Czujesz się sponiewierany przez życie? Jezus opatrzy twoje życiowe rany
Macie czasem takie doświadczenie, że czujecie się zbici jak przysłowiowy pies, sponiewierani, a nawet zmaltretowani? Jezus dobrze wie, że każdy z nas przeżywa takie chwile.
Czasem - i tylko częściowo - udaje się nam osiągnąć to, co nazywamy szczęściem. Marzymy o takim szczęściu, które nie byłoby „chwilą tylko”, ale stanem permanentnym, sprawą dnia powszedniego. Problem w tym, że niewielu z nas, patrząc np. na ostatni miesiąc swojego życia, może powiedzieć : „Tak, przez cały czerwiec rzeczywiście byłem totalnie szczęśliwy!”. Jest raczej przeciwnie - naszym powszednim doświadczeniem jest stan większego lub mniejszego poturbowania przez życie, codzienne trudności, problemy, a także nasze osobiste wady i wady innych ludzi.
Macie czasem takie doświadczenie, że czujecie się zbici jak przysłowiowy pies, sponiewierani, a nawet zmaltretowani? Jezus dobrze wie, że każdy z nas przeżywa takie chwile. Właśnie wtedy warto wracać do niedzielnej Ewangelii. Wśród wielu interpretacji przypowieści o miłosiernym Samarytaninie, a każda z nich jest uzasadniona, natrafiłem na jedno zdanie św. Augustyna, w którym przyrównuje on swoją duszę (biskup!) do człowieka napadniętego przez zbójów na pielgrzymiej drodze. Dobrym Samarytaninem jest Chrystus, a Kościół ową gospodą, w której leży dusza biskupa, na wpół żywa od ran zadanych przez zbójców: grzech pierworodny, grzech osobisty, liczne rany zadane przez innych lub siebie samego.
Czytając Ewangelię o miłosiernym Samarytaninie, bardzo często utożsamiamy się właśnie z nim i robimy sobie rachunek sumienia z naszego stosunku do ludzi mających mniej szczęścia niż my, potrzebujących wsparcia, przeżywających kryzys, sponiewieranych przez życie. Tymczasem warto czasem postawić się w roli pozostałych bohaterów tej przypowieści, także w roli człowieka poturbowanego przez zbójców. Wówczas zobaczymy, że to Jezus jest owym dobrym Samarytaninem, który lituje się nad nami, opatruje nasze rany i leczy choroby.
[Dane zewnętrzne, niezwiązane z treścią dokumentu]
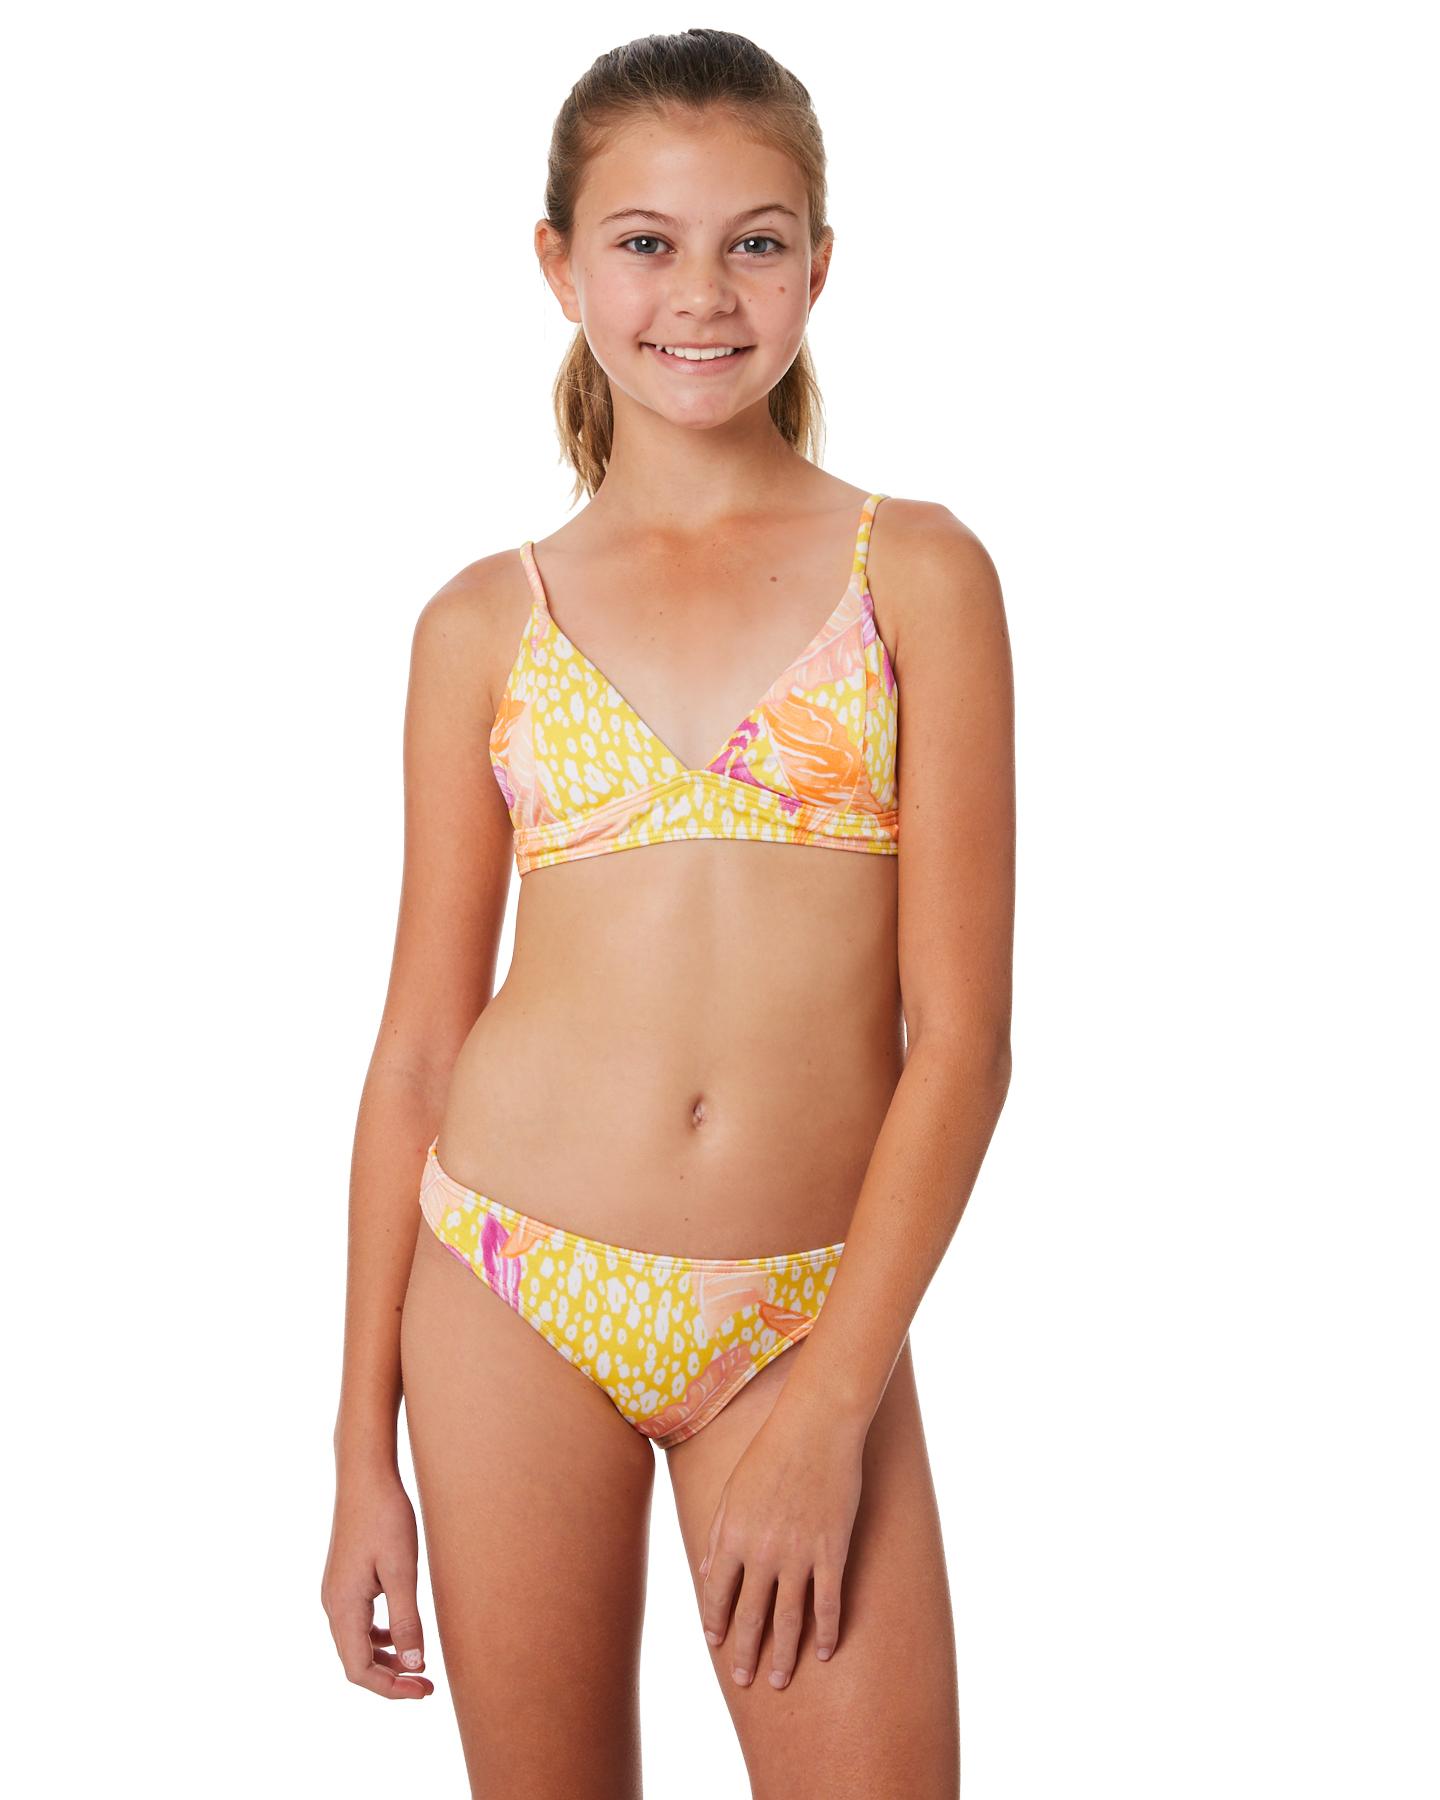 b606d62accc6a Billabong Kids Girls Love Palm Bikini Set - Mimosa | SurfStitch
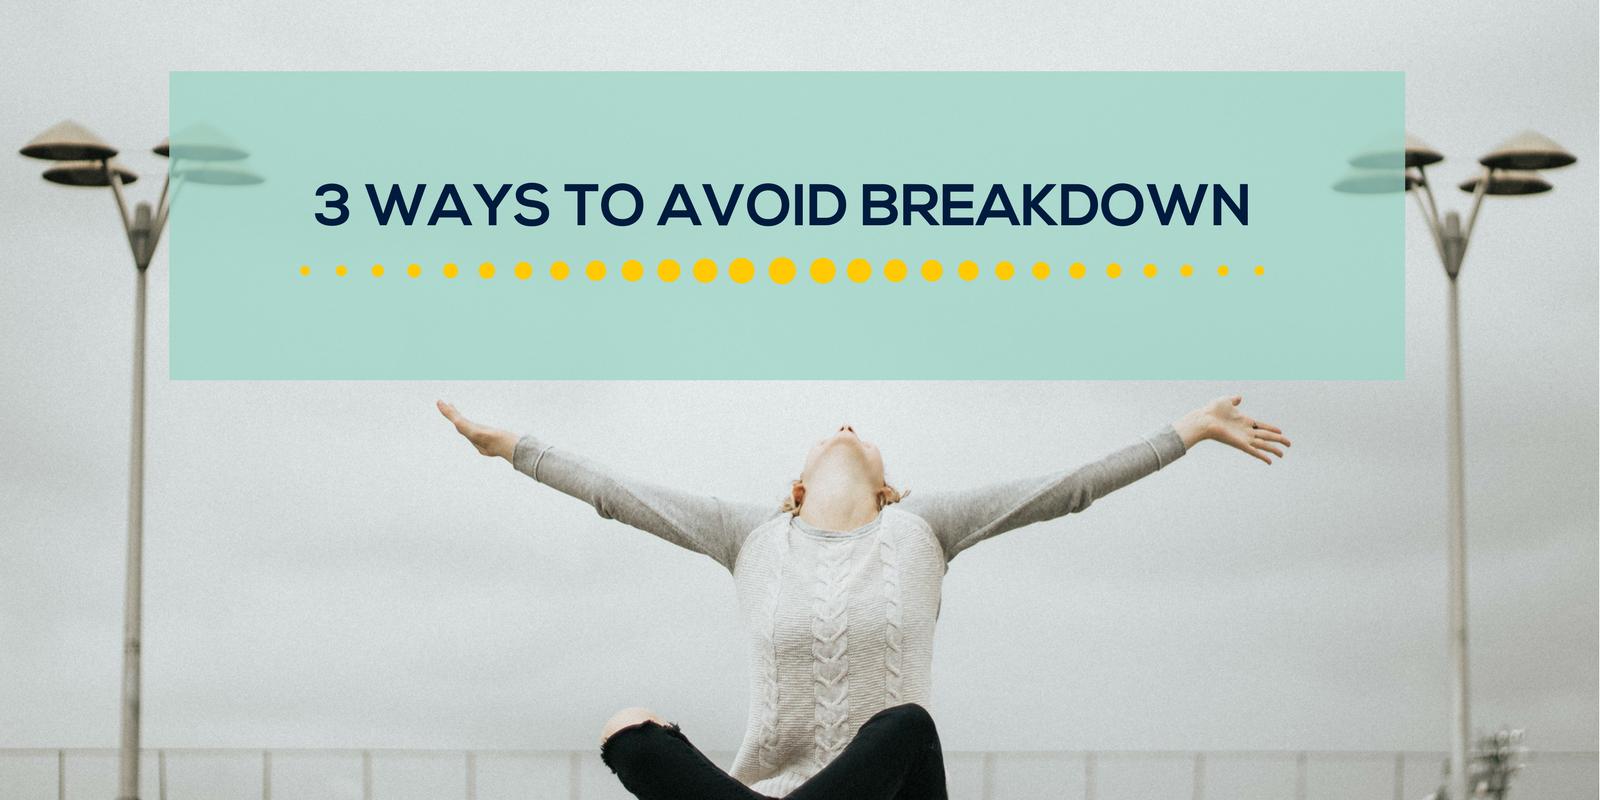 3 Ways to Avoid Breakdwon.png

Naszą najczęstszą chorobą jest deficyt miłości. Nie potrafimy wystarczająco kochać i nie czujemy się wystarczająco kochani. To dlatego właśnie „źle się mamy”, że gubimy właściwą, tzn. ewangeliczną hierarchię wartości, o której przypomina Jezus: „Będziesz miłował Pana Boga swego całym swoim sercem, całą swoją duszą, całą swoją mocą i całym swoim umysłem; a swego bliźniego jak siebie samego” (Łk 10,26). Wielu, zwłaszcza młodych ludzi, nienawidzi siebie i swojego życia. Inni natomiast tak bardzo siebie kochają, że właśnie siebie i swoje sprawy stawiają na pierwszym, a wszystkich innych, łącznie z Bogiem, na dalszym miejscu.
Jezus chce nam dzisiaj przypomnieć, że chętnie opatrzy nasze życiowe rany; uleczy nasze choroby; podniesie nas i zadba o nas, gdy życie nas sponiewiera. Przypomina nam, że receptą na szczęśliwe życie jest miłość, i to miłość według bardzo konkretnej hierarchii. Bo miłość dla nas - chrześcijan - to nie tylko dar i odpowiedź na niego. To nieskończenie więcej: niezmienna postawa względem całej rzeczywistości, łącznie z tymi, którzy mienią się naszymi wrogami i za podarowany chleb odpłacają kamieniem.
Wysłuchaj mnie, Panie, bo łaskawa jest Twoja miłość,
spójrz na mnie w ogromie swego miłosierdzia.